Unlike other animals, human beings spend a lot of time thinking about what is not going on around them, contemplating events that happened in the past, might happen in the future, or will never happen at all.
Buddhism attributes the root of suffering to the never ending pointless pursuit of transient feel good factor, which causes us to be in a constant state of tension, restlessness and dissatisfaction. Due to this pursuit, the mind is never satisfied. Even when experiencing pleasure. it is not content, because this feeling might soon disappear, and craves that this feeling should stay and intensify.
The mind keeps wandering from place to place in search of happiness. The magic of our minds is often lost in the mundane details of our daily routines, but the remarkable flexibility of our mental lives remains. Our minds may be directed toward the task at hand—they may be “here” as we concentrate on our daily commute or focus on the contents of a meeting or conversation. There may be times when our minds are blank.
First, people’s minds wandered frequently, regardless of what they were doing. Mind wandering occurred in 46.9% of the samples and in at least
30% of the samples taken during every activity except making love. The frequency of mind wandering in our real-world sample was considerably higher than is typically seen in laboratory experiments. Surprisingly, the nature of people’s activities had only a modest impact on whether their
minds wandered and had almost no impact on the pleasantness of the topics to which their minds wandered
Second, multilevel regression revealed that people were less happy when their minds were wandering than when they were not.
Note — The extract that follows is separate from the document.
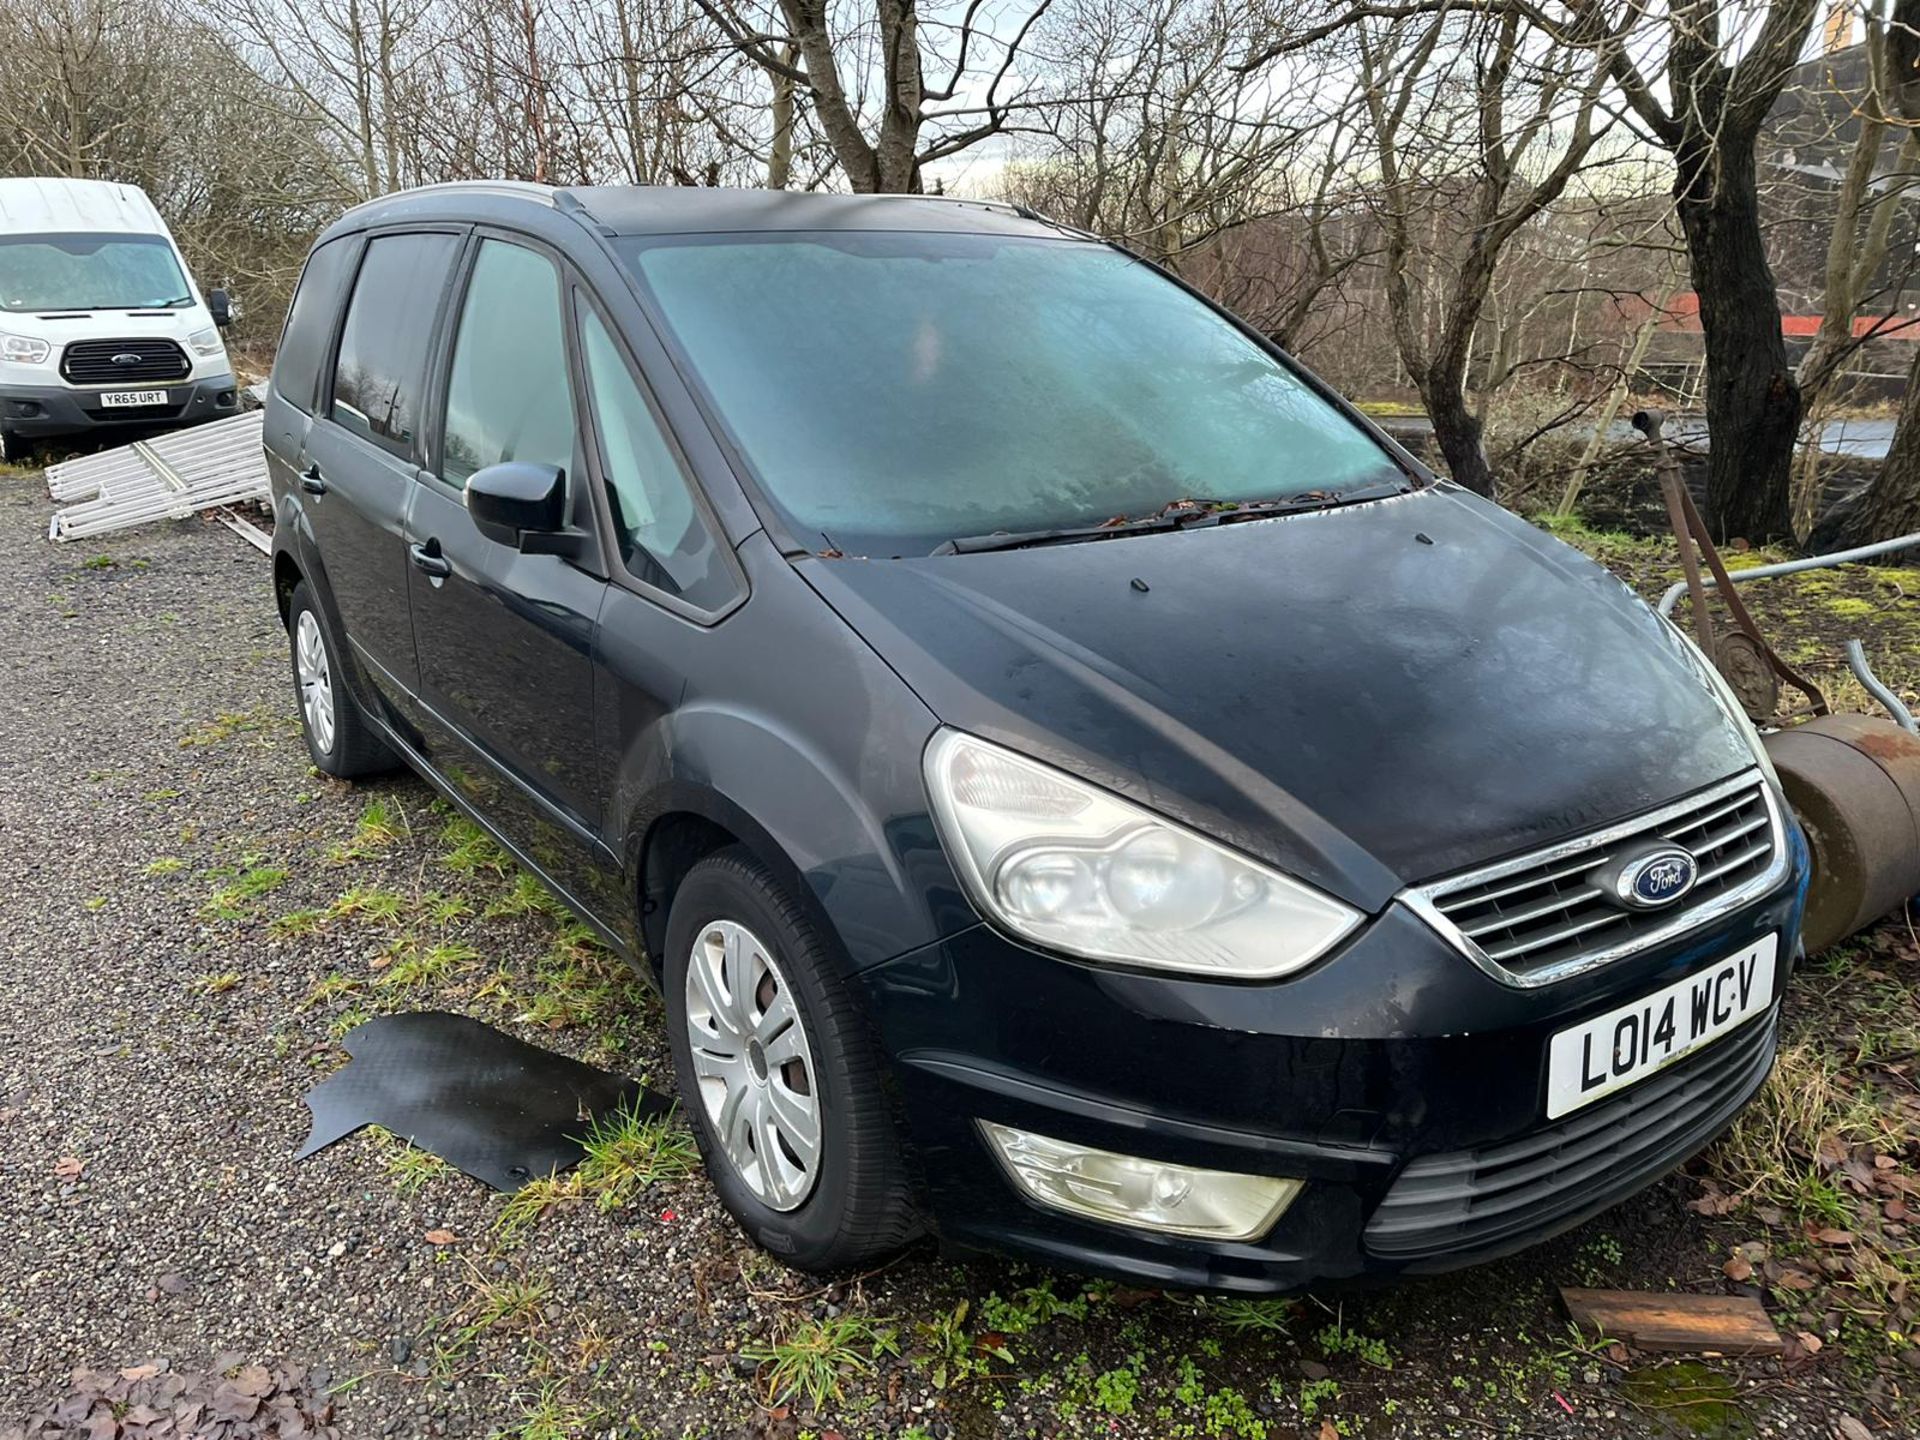 (NO VAT ON HAMMER) >>SPECIAL CLEARANCE<< 2014 FORD GALAXY ZETEC 2.0 TDCI - RESTORE & REVIVE!

Third, what people were thinking was a better predictor of their happiness than was what they were doing.
The human mind is a wandering mind, and a wandering mind is an unhappy mind. The ability to think about what is not happening
is a cognitive achievement that comes at an emotional cost.
Mindfulness helps in managing negative thoughts and focus attention on the work in hand. This also prevents distractions. That embarrassing recollection or moment of self-doubt may not disappear from your thoughts. Research, however, suggests mindfulness gives you the ability to more readily identify the negative thoughts and exit the merry-go-round that often follows from focusing on negativity.
This research corresponds in practice with what is seen by Katie Krimer, M.A., L.M.S.W., a psychotherapist and social worker in New York City. Krimer says, “When we practice mindfulness, whether through meditation or other activities, the goal is never to rid of negative thoughts or banish anxiety. Instead, the intention of practice is to become more aware with things the way that they are. So much of our anxiety and negative thinking is sustained by our resistance [to] the uncomfortable experience.”